* _Material to process_
== Segment start ==

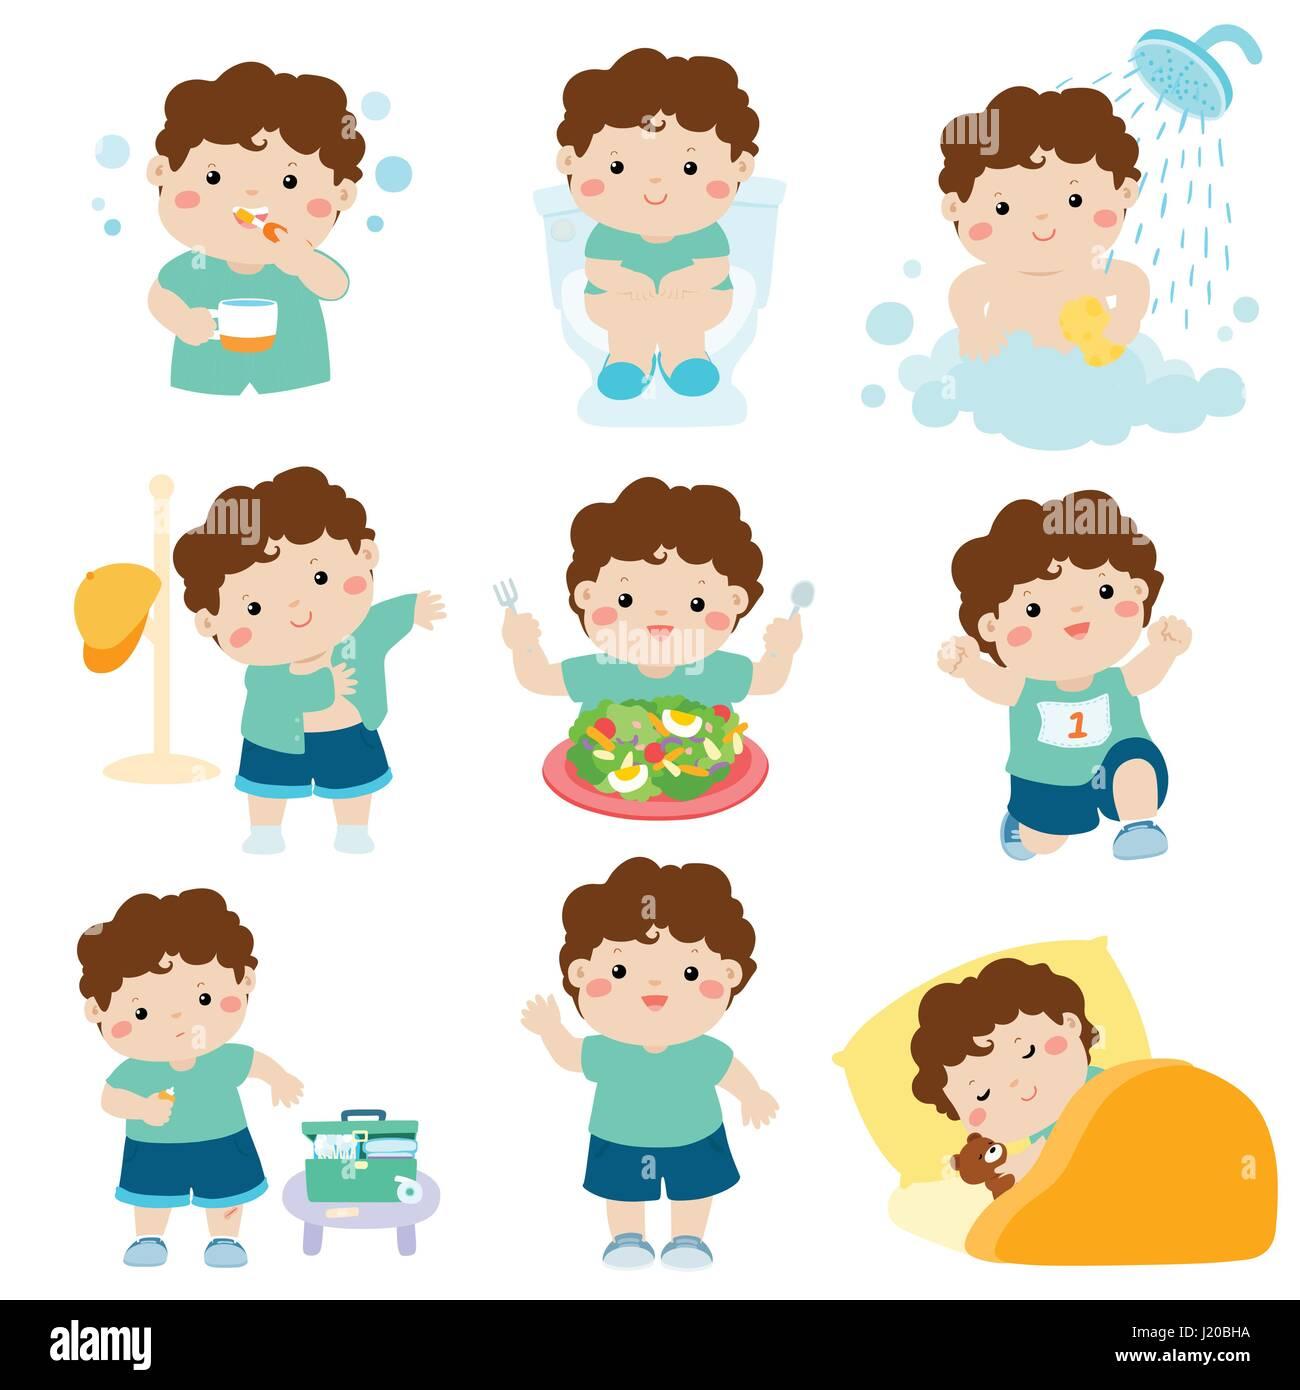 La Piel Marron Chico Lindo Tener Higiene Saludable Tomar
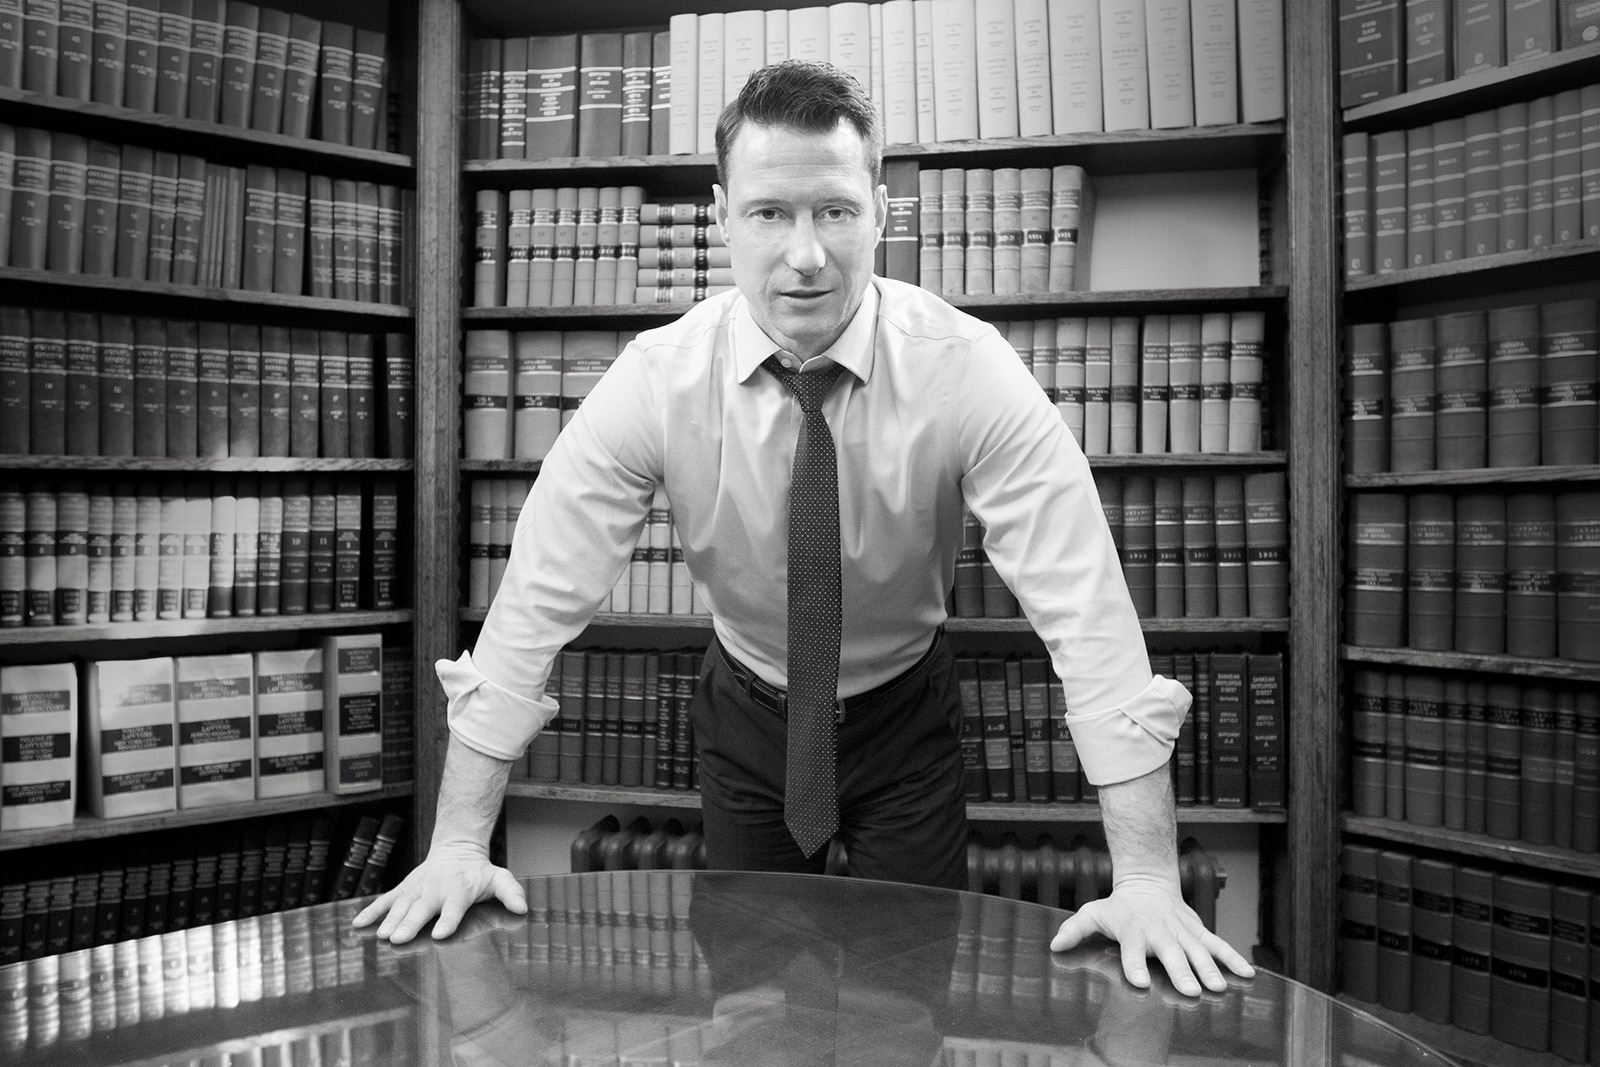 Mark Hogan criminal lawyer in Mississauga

== Segment end ==
== Segment start ==

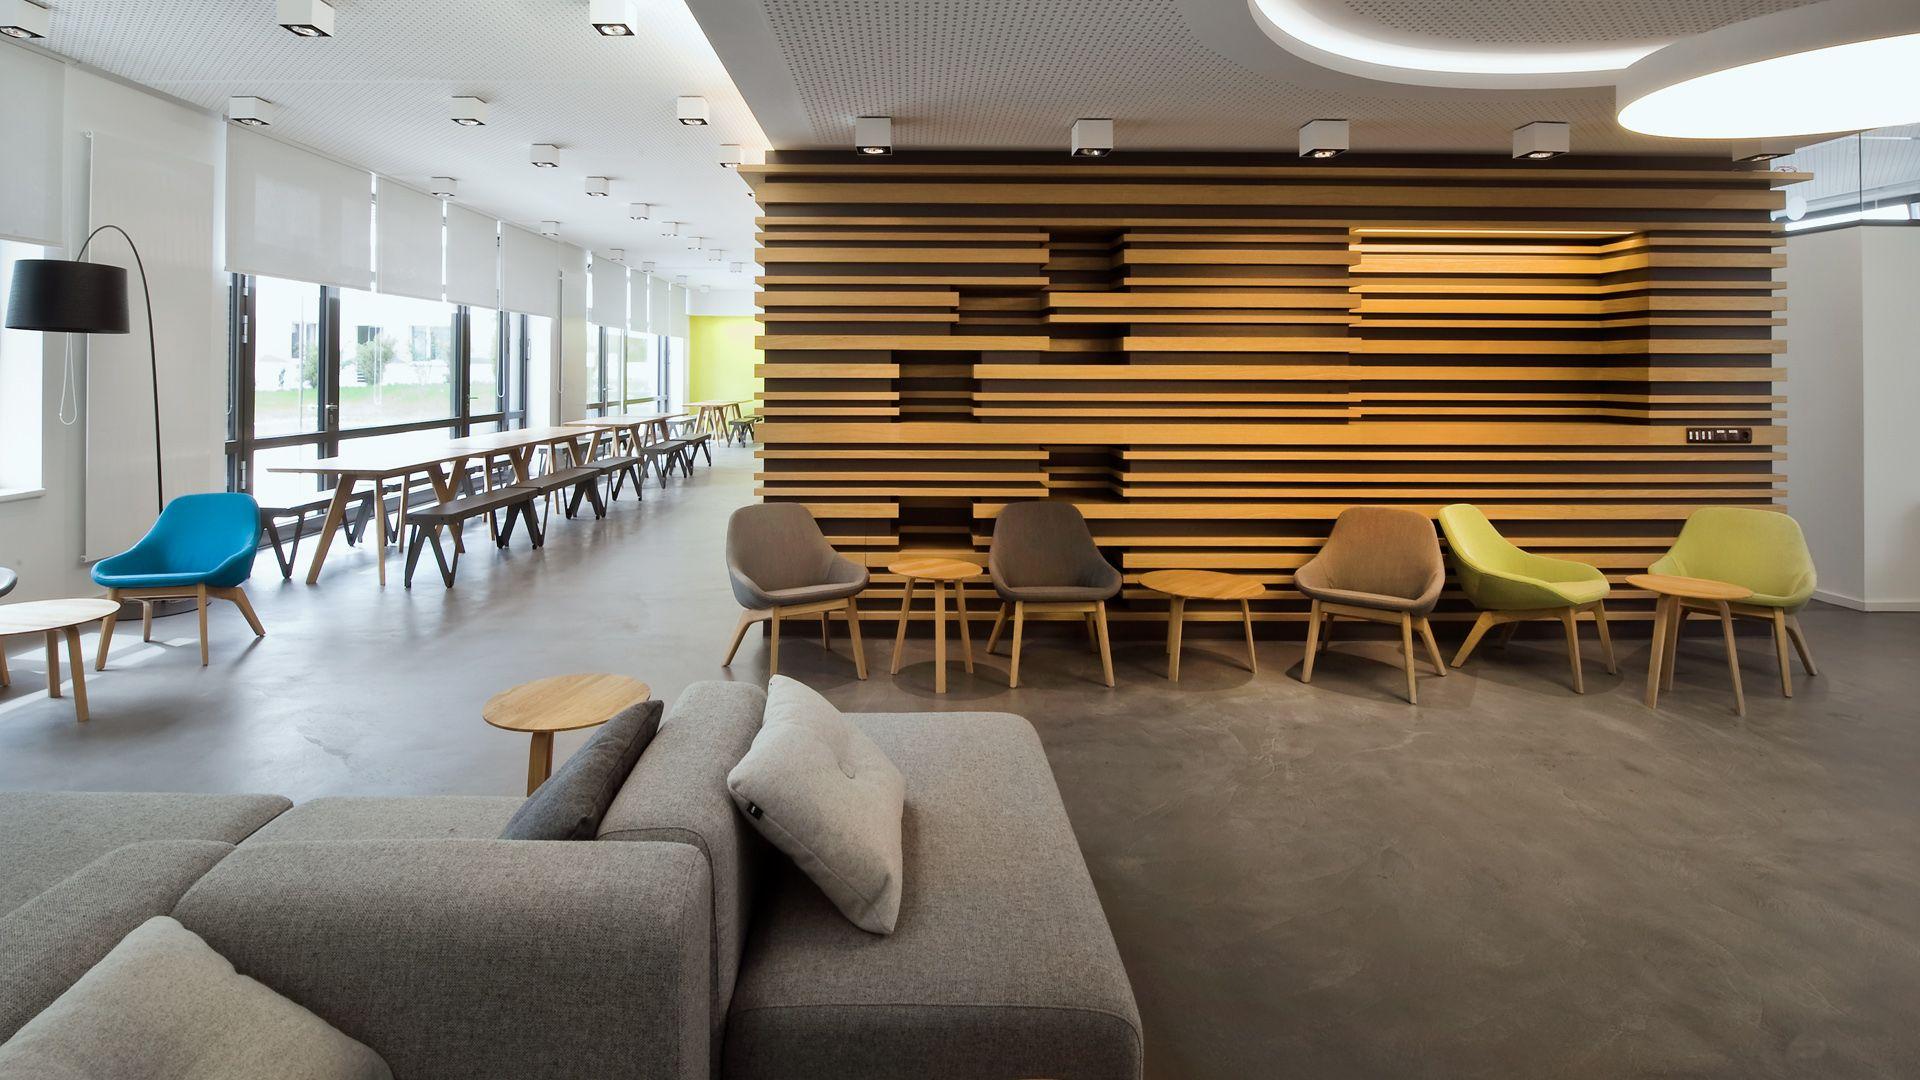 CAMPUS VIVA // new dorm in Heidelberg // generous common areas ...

== Segment end ==

Reproduce the listing above from the line that holds "La Piel Marron" through the line that holds "Mark Hogan criminal lawyer in Mississauga", both included, with the pictures left out.

 La Piel Marron Chico Lindo Tener Higiene Saludable Tomar
 Mark Hogan criminal lawyer in Mississauga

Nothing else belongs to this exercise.